The figure showing frequency lines is from this cool paper:

• Stephane Charpinet, Noemi Giammichele, Weikai Zong, Valérie Van Grootel, Pierre Brassard and Gilles Fontaine, Rotation in sdB stars as revealed by stellar oscillations, Open Astronomy 27 (2017), 112–119.



This paper says “a κ-mechanism triggered by an accumulation of heavy elements (in particular iron) in the stellar envelope caused by radiative levitation is driving the oscillation.”

So, what’s the κ-mechanism and radiative levitation?

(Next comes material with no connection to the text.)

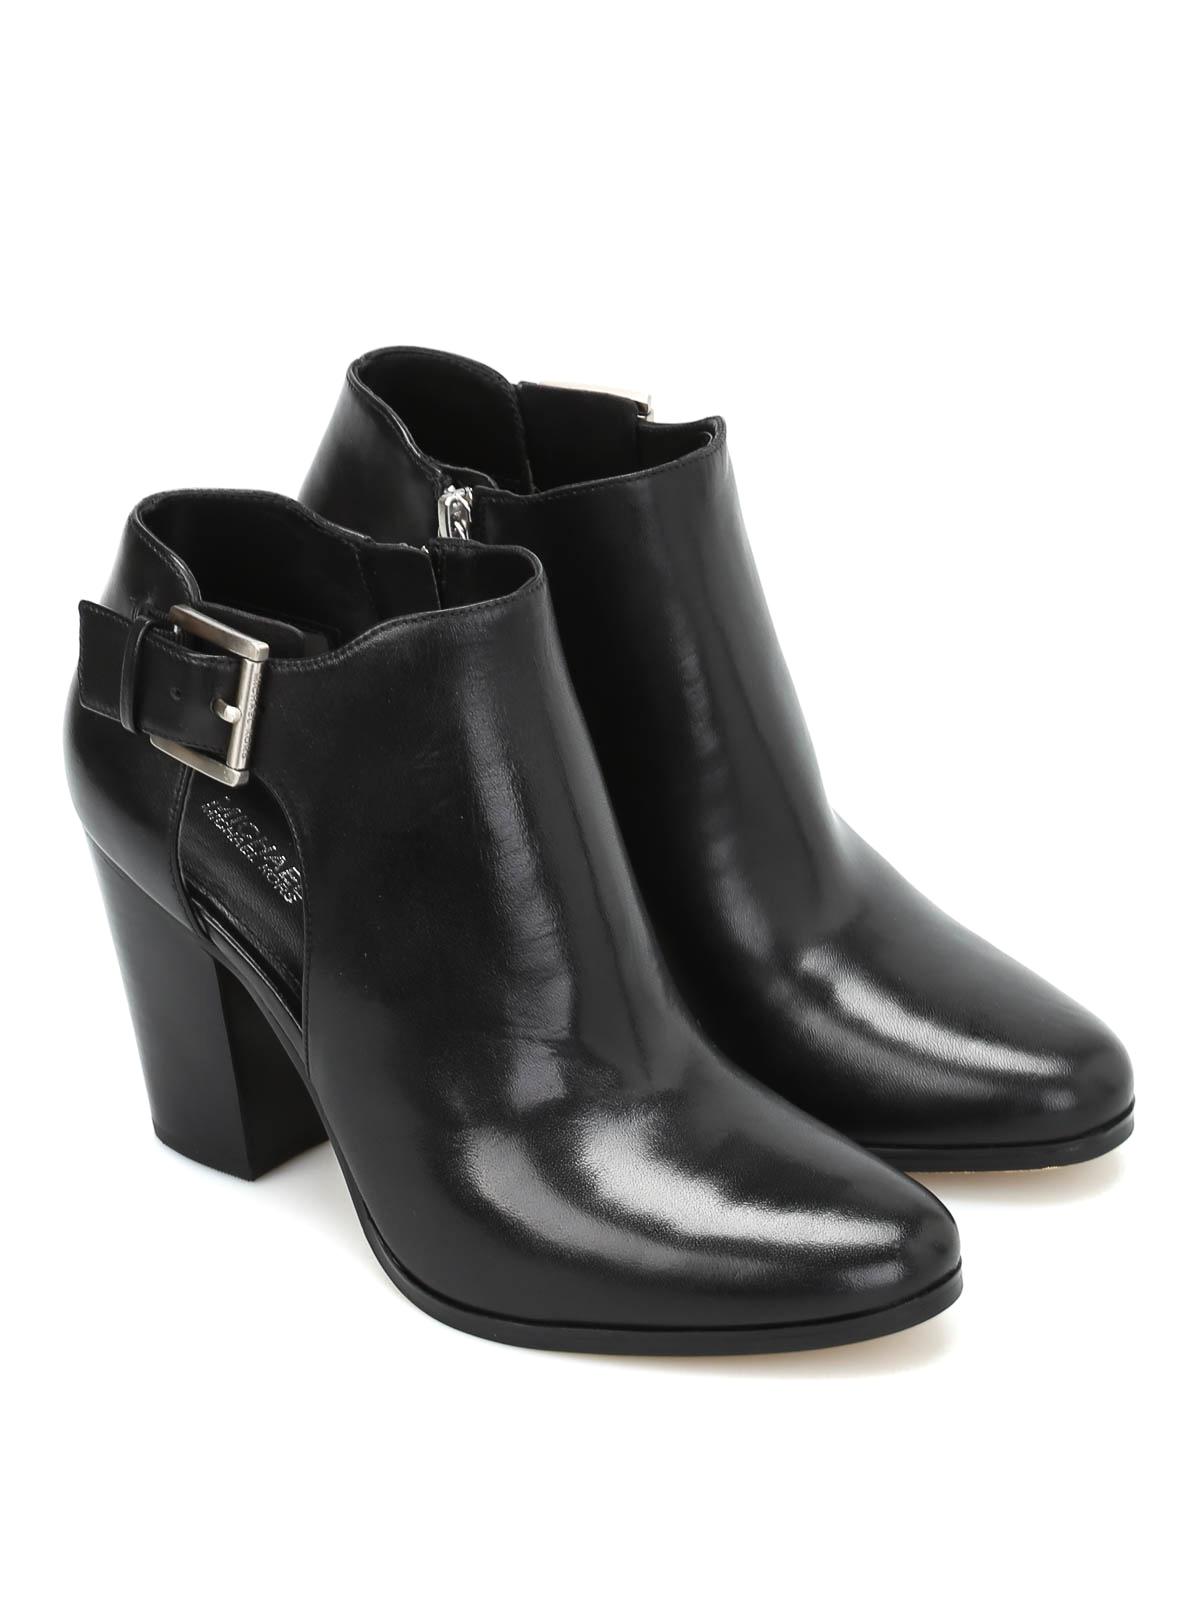 Michael Kors - Adams leather booties

The κ-mechanism causes oscillations when a layer of a star’s atmosphere gets more opaque at higher temperatures. For example, when heavy metals near the surface of the atmosphere get hot they can ionize, and thus absorb more radiation. When the layer of ions falls in it gets hotter, more opaque, blocks more escaping heat, and the star’s pressure goes up… pushing the layer out. But when the layer shoots out it gets cooler, less opaque, blocks less escaping heat, and the pressure drops again. So we can get oscillations!

Radiative levitation can drive heavy metals to the surface of a star. They absorb light, and the light literally pushes them up. This can make
these metals thousands of times more common than you’d expect near the surface.

There’s more that can happen with subdwarf B stars, and you can learn about it here:

• Wikipedia, Subdwarf B stars.

For example, they can simultaneously oscillate in two ways, at two separate rates!

One Response to Rapid Variable B Subdwarf Stars

  1. Sir Light says:

    Very fascinating stuff! I’ve been looking at a citizen science project from ASAS-SN (https://www.zooniverse.org/projects/tharinduj/citizen-asas-sn) which aims at finding more variable stars by collecting light from a star during 5+ years and then presenting the resulting light curve folded with calculated most likely period.

    I wonder if this type of variability can be detected by using only the light curve, or you need additional details like mass or spectrum to distinguish sdB from other pulsating variables like RR Lyrae or cepheids, which from the looks of it are pulsing because of the k-mechanism of helium ions, not iron.